[petsc-users] fieldsplit-preconditioner for block-system of linear equations

[Eike Mueller]

Dear PETSc,

I am solving a linear system of equations

(1) A.X = B

where the vector X is divided into chunks, such that X= (x_1,x_2,…,x_k) and each of the vectors x_i has length n_i (same for the vector B=(b_1,b_2,…,b_k)). k=5 in my case, and n_i >> 1. This partitioning implies that the matrix has a block-structure, where the submatrices A_{ij} are of size n_i x n_j. So explicitly for k=3:

        A_{1,1}.x_1 + A_{1,2}.x_2 + A_{1,3}.x_3 = b_1
(2)    A_{2,1}.x_1 + A_{2,2}.x_2 + A_{2,3}.x_3 = b_2
        A_{3,1}.x_1 + A_{3,2}.x_2 + A_{3,3}.x_3 = b_3

I now want to solve this system with a Krylov-method (say, GMRES) and precondition it with a field-split preconditioner, such that the Schur-complement is formed in the 1-block. I know how to do this if I have assembled the big matrix A, and I store all x_i in one big vector X (I construct the index-sets corresponding to the vectors x_1 and (x_2,x_3), and then call PCFieldSplitSetIS()).
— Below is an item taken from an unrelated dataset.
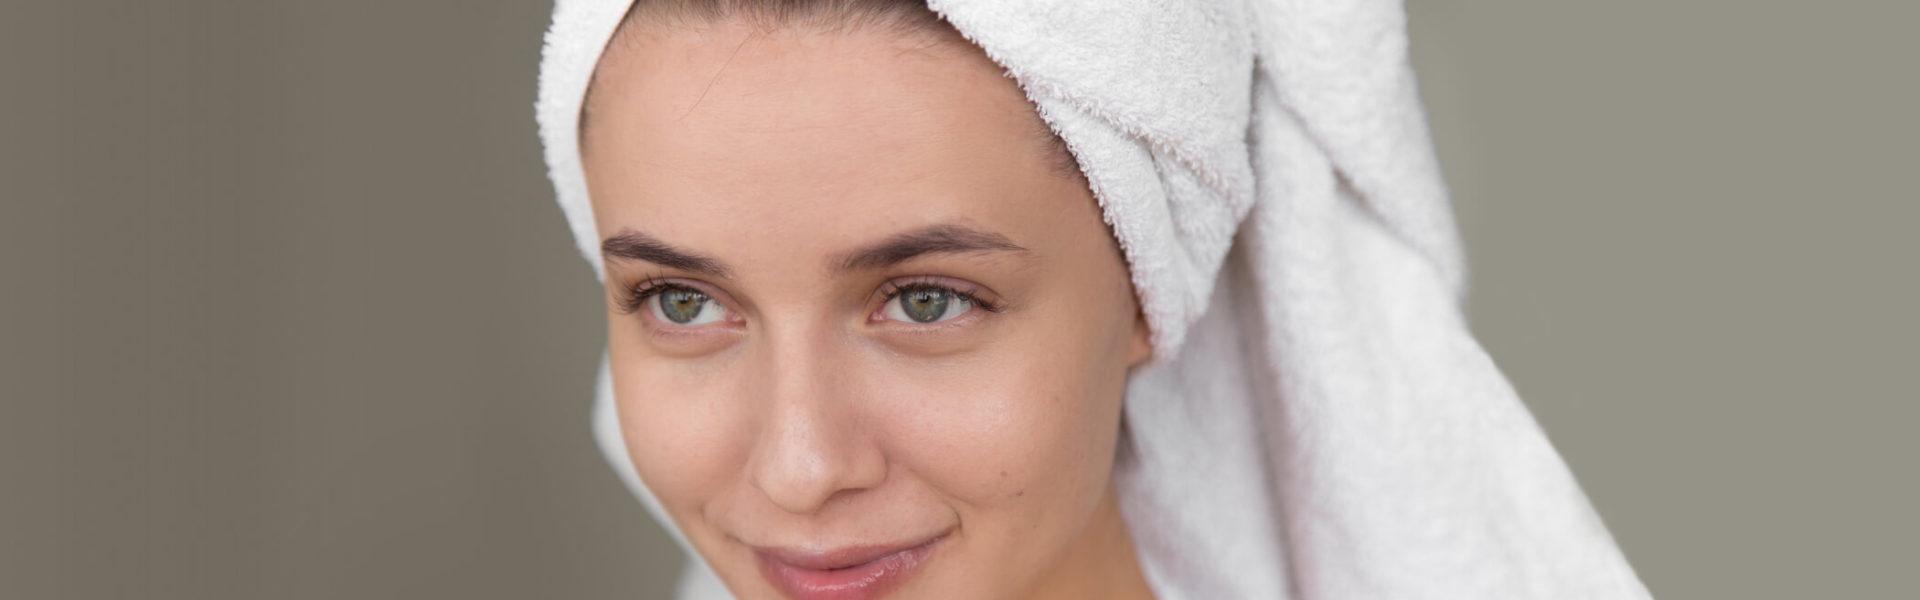 Limpieza Facial y Automasaje - Cleanse Me - Alice in Beautyland Blog Limpieza del Rostro Feliz

This all works without any problems.

However, I now want to do this for an existing code which

1. Assembles the matrices A_{ij} separately (i.e. they are not stored as part of a big matrix A, but are stored in independent memory locations)
2. Stores the vectors x_i separately, i.e. they are not stored as parts of one big chunk of memory of size n_1+…+n_k

I can of course implement the matrix application via a matrix shell, but is there still an easy way of using the fieldsplit preconditioner?

The naive way I can think of is to allocate a new big matrix A, and copy the A_{ij} into the corresponding blocks. Then allocate big vectors x and b, and also copy in/out the data before and after the solve. This, however, seems to be wasteful, so before I go down this route I wanted to double check if there is a way around it, since this seems to be a very common problem?

Thanks a lot,

Eike